Zero-Result Handling
A zero-result page is the worst user experience in search. AI can salvage it.
function handleZeroResults(pool, originalQuery) {
return openai.chat.completions.create({
model: "gpt-4o-mini",
temperature: 0.3,
messages: [
{
role: "system",
content: "The user searched for something and got no results. " +
"Suggest 3 alternative search queries that might find what they need. " +
"Also identify the core topic. Return JSON: " +
'{"topic": "...", "alternatives": ["...", "...", "..."]}'
},
{ role: "user", content: originalQuery }
]
}).then(function(response) {
var suggestions = JSON.parse(response.choices[0].message.content);
// Run the first alternative as a semantic search fallback
return generateEmbedding(suggestions.alternatives[0]).then(function(embedding) {
return semanticSearch(pool, embedding, 5).then(function(fallbackResults) {
return {
suggestions: suggestions.alternatives,
topic: suggestions.topic,
fallbackResults: fallbackResults
};
});
});
});
}
This approach has two layers: it gives the user alternative queries they can click, and it proactively runs a fallback search so the page is never truly empty.
Implementing Autocomplete with Semantic Suggestions
Traditional autocomplete matches prefixes. Semantic autocomplete suggests conceptually related queries.

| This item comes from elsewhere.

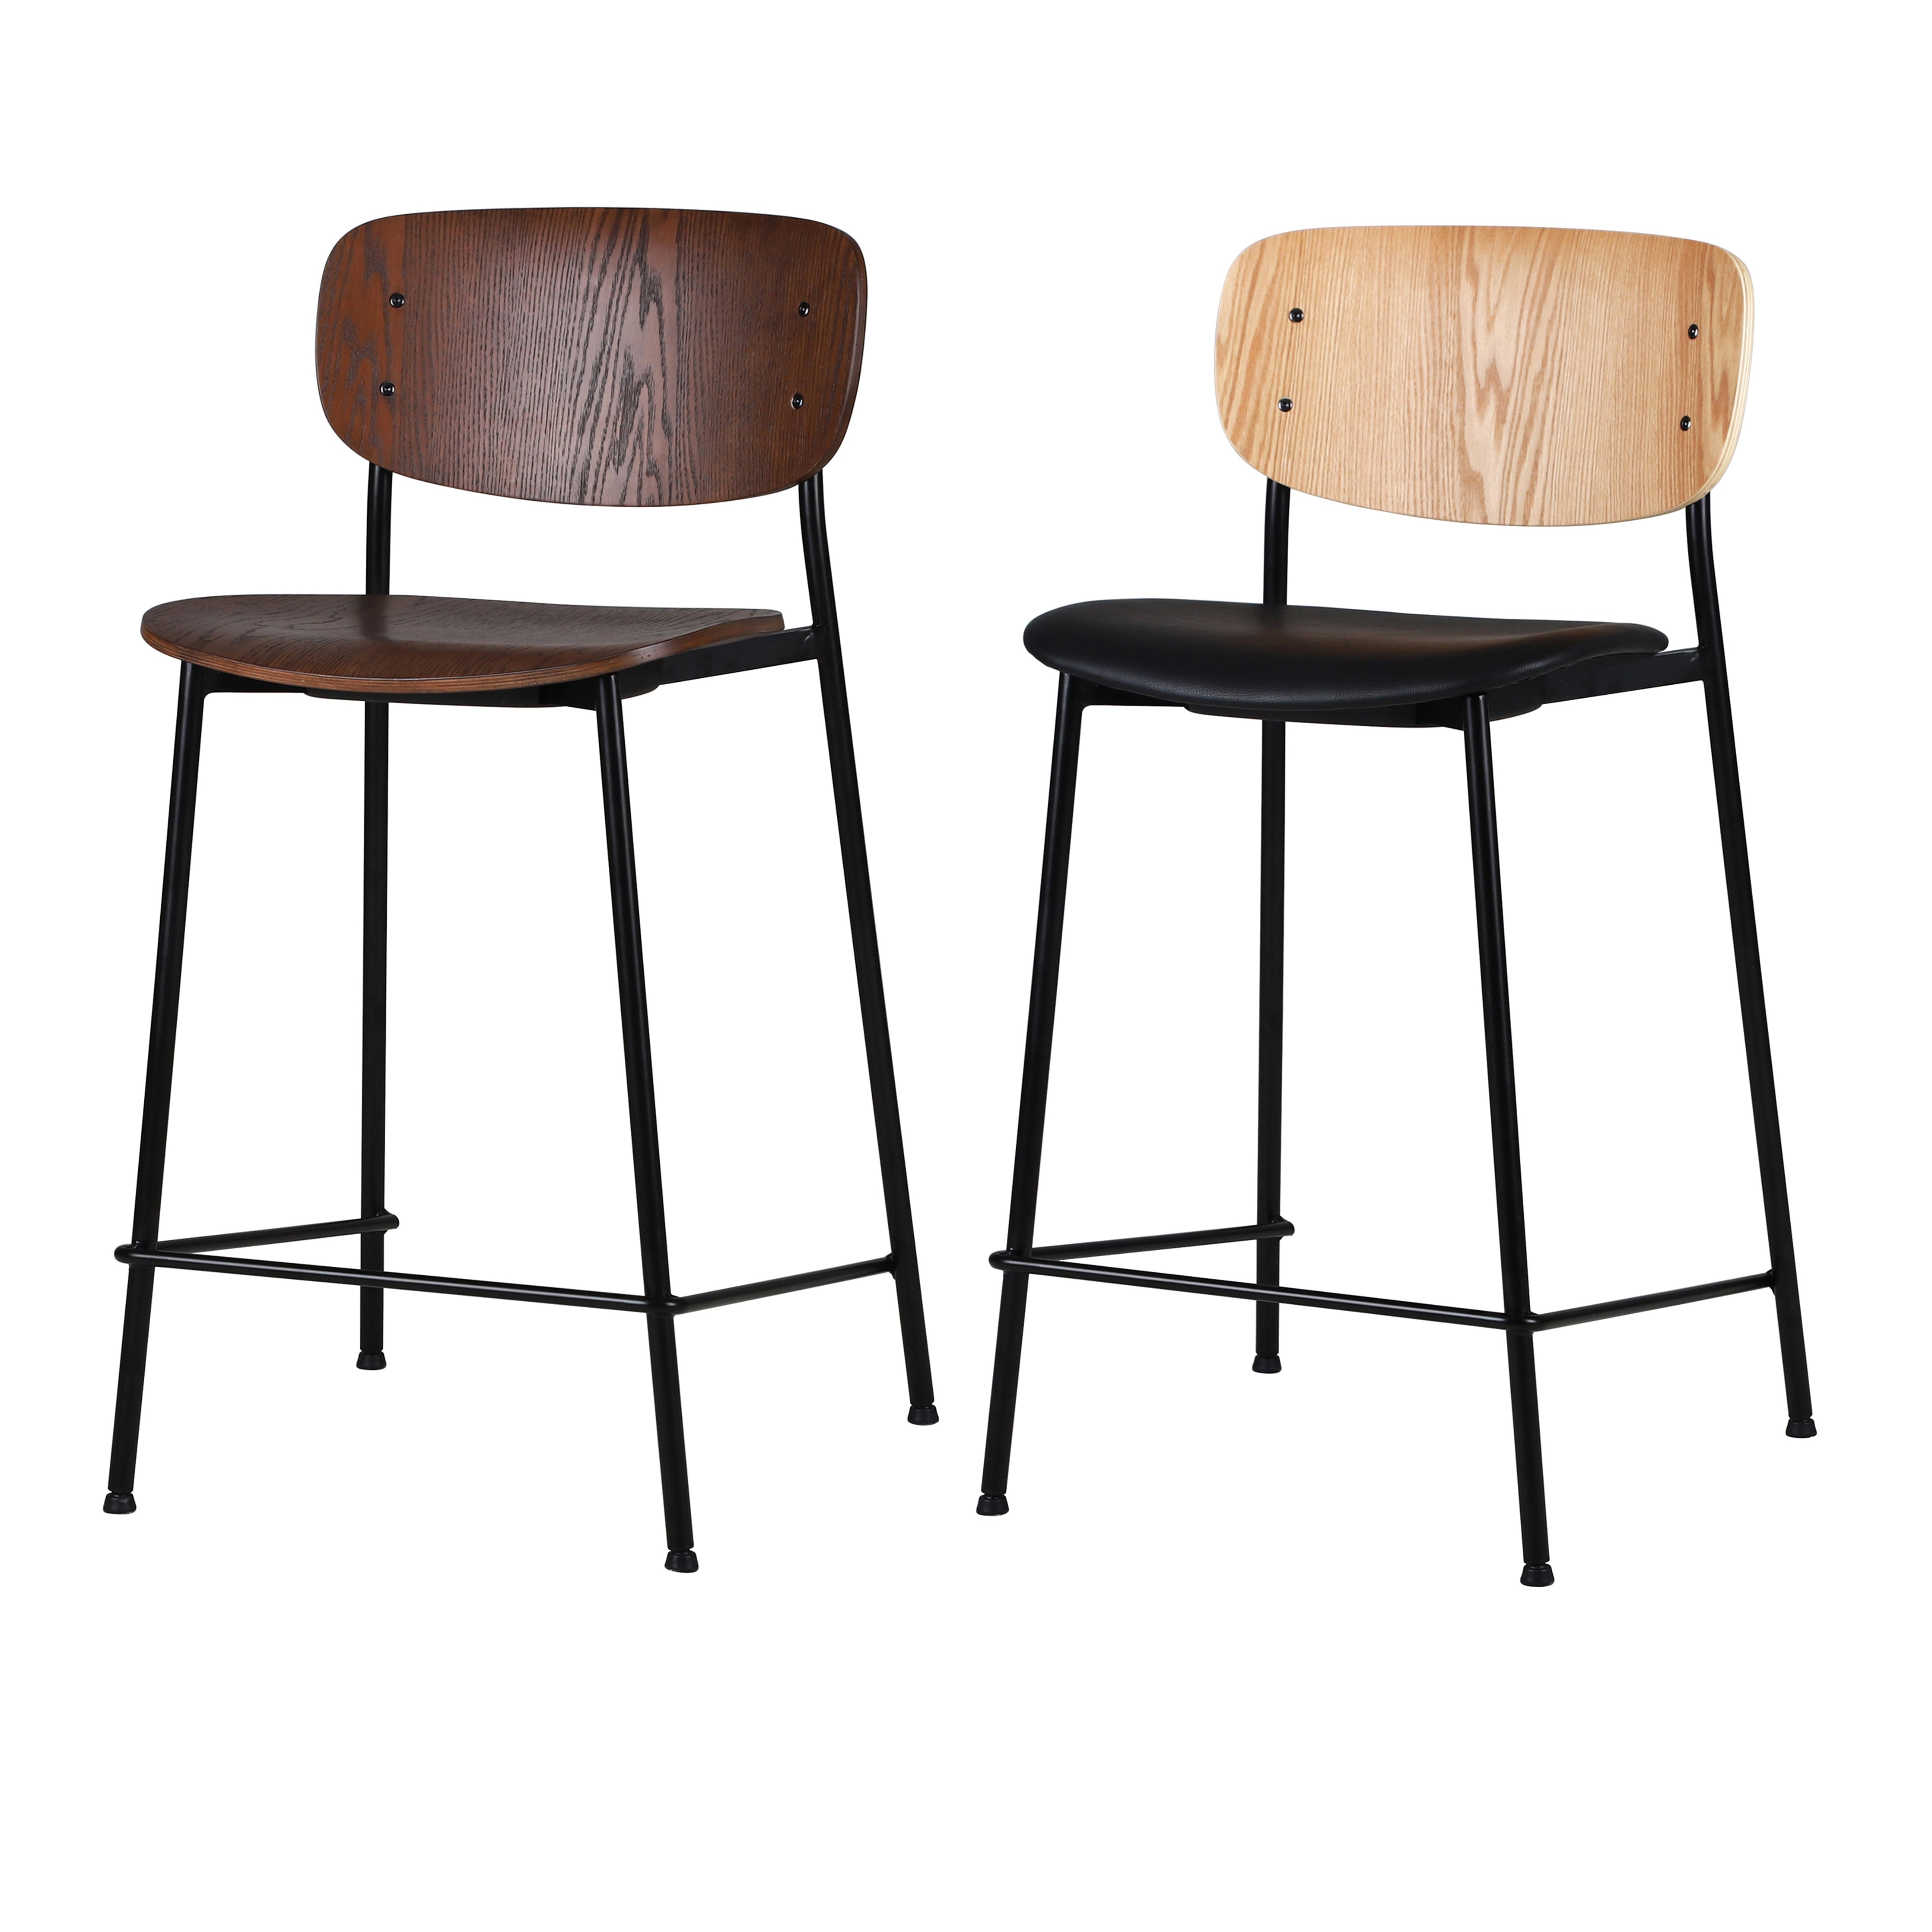 WM - Bar Chair (Wooden)

function semanticAutocomplete(pool, partialQuery, limit) {
if (partialQuery.length < 2) {
return Promise.resolve([]);
}
// Combine prefix matching from popular queries with semantic similarity
return pool.query(
"SELECT query_text, search_count FROM search_logs " +
"WHERE query_text ILIKE $1 " +
"ORDER BY search_count DESC LIMIT $2",
[partialQuery + "%", limit]
).then(function(prefixResults) {
if (prefixResults.rows.length >= limit) {
return prefixResults.rows.map(function(r) { return r.query_text; });
}
// Fill remaining slots with semantic suggestions
return generateEmbedding(partialQuery).then(function(embedding) {
var vectorStr = "[" + embedding.join(",") + "]";
return pool.query(
"SELECT query_text FROM search_logs " +
"WHERE query_embedding IS NOT NULL " +
"ORDER BY query_embedding <=> $1::vector " +
"LIMIT $2",
[vectorStr, limit - prefixResults.rows.length]

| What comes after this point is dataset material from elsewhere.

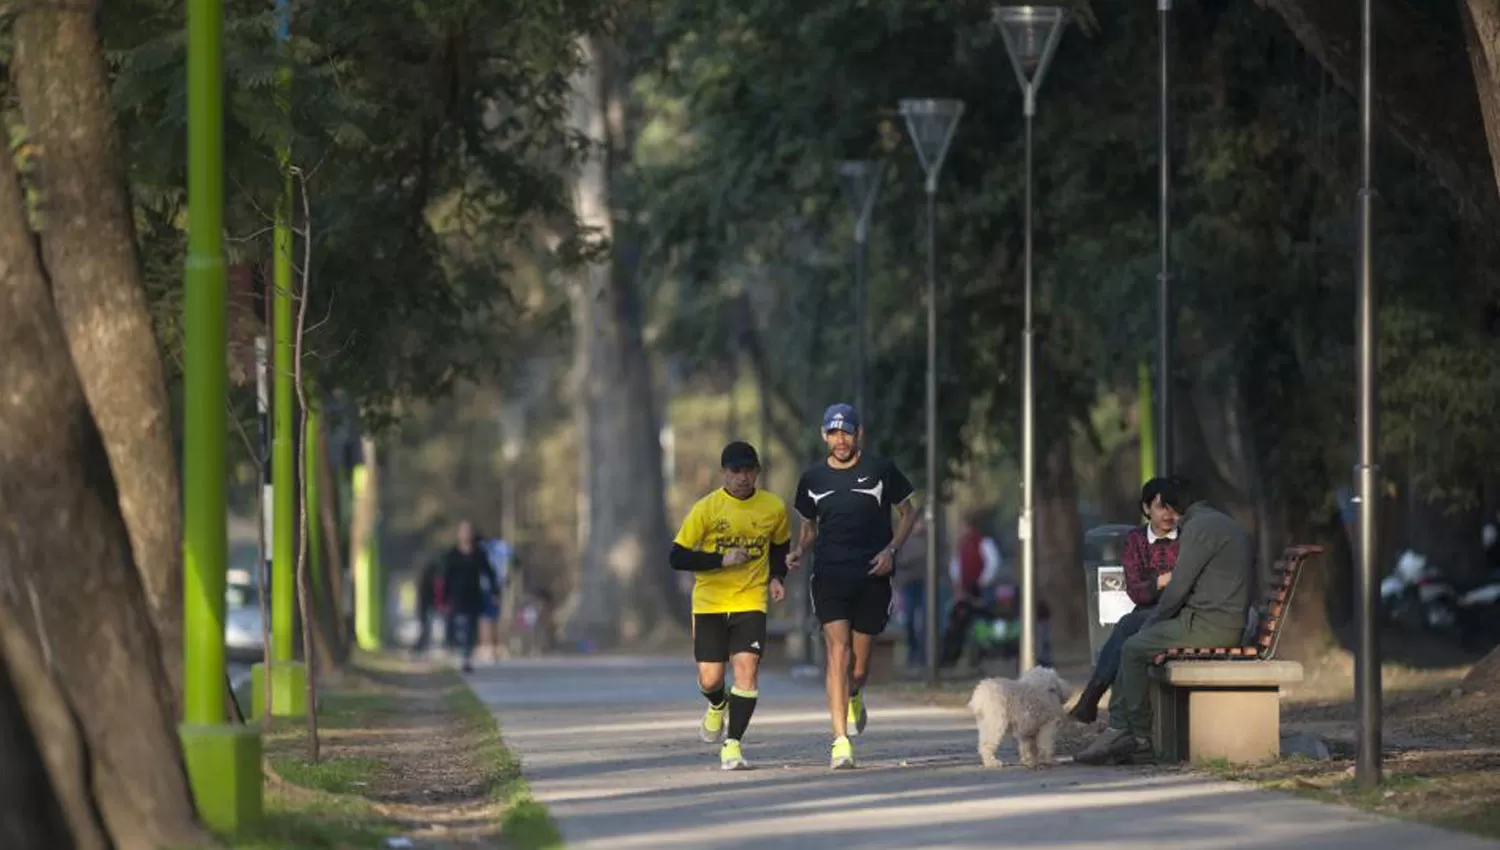 AL AIRE LIBRE. El parque Avellaneda es el lugar elegido por muchos tucumanos para practicar deportes. ARCHIVO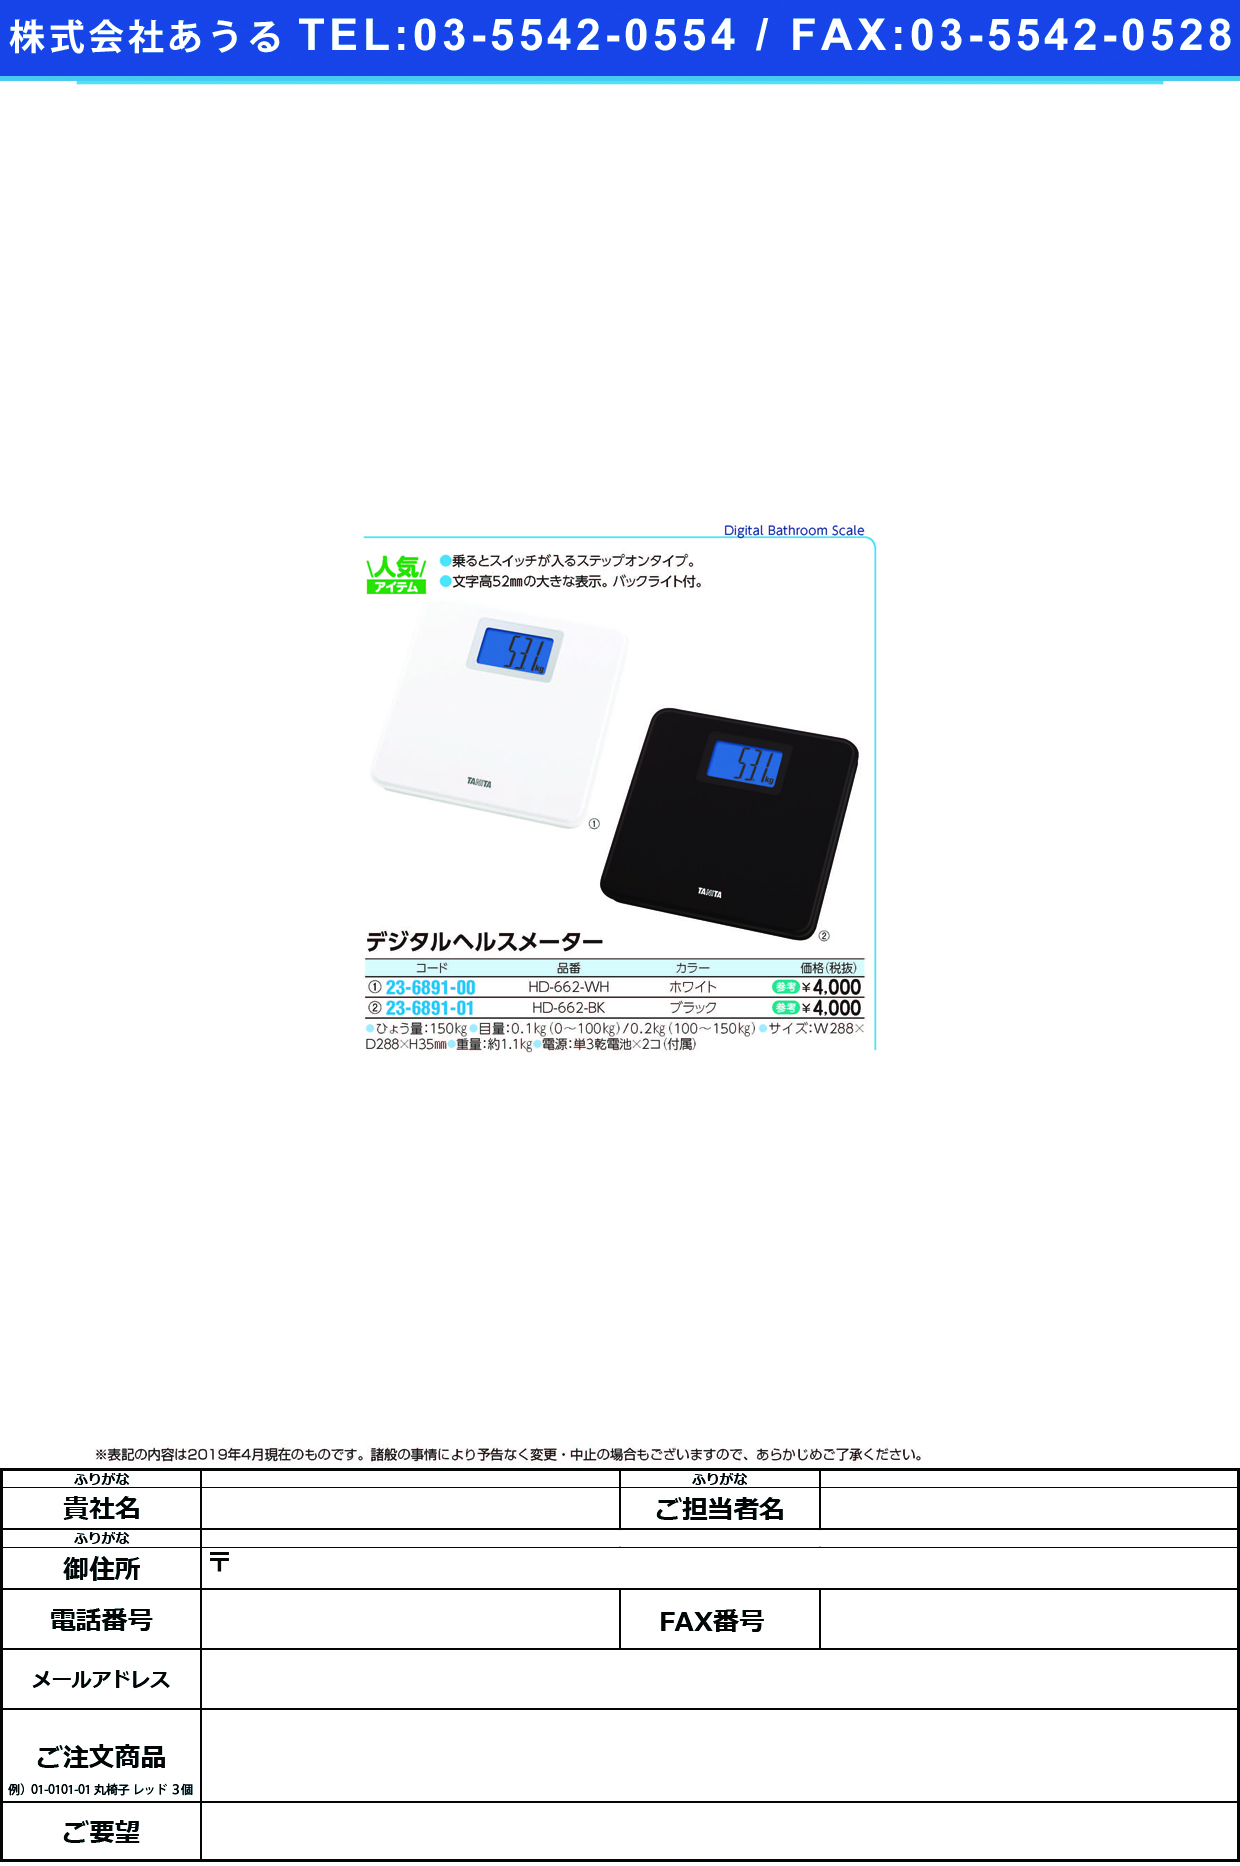 (23-6891-00)デジタルヘルスメーター HD-662(ﾎﾜｲﾄ) ﾃﾞｼﾞﾀﾙﾍﾙｽﾒｰﾀｰ(タニタ)【1台単位】【2019年カタログ商品】

).then(function(semanticResults) {
var combined = prefixResults.rows.map(function(r) { return r.query_text; });
semanticResults.rows.forEach(function(r) {
if (combined.indexOf(r.query_text) === -1) {
combined.push(r.query_text);
}
});
return combined;
});
});
});
}
Store embeddings for popular queries in your search logs table. This avoids generating embeddings on every keystroke. Only fall back to live embedding generation for novel prefixes that do not match anything in the logs.
Combining Search Signals
The real power comes from blending multiple signals into a single relevance score.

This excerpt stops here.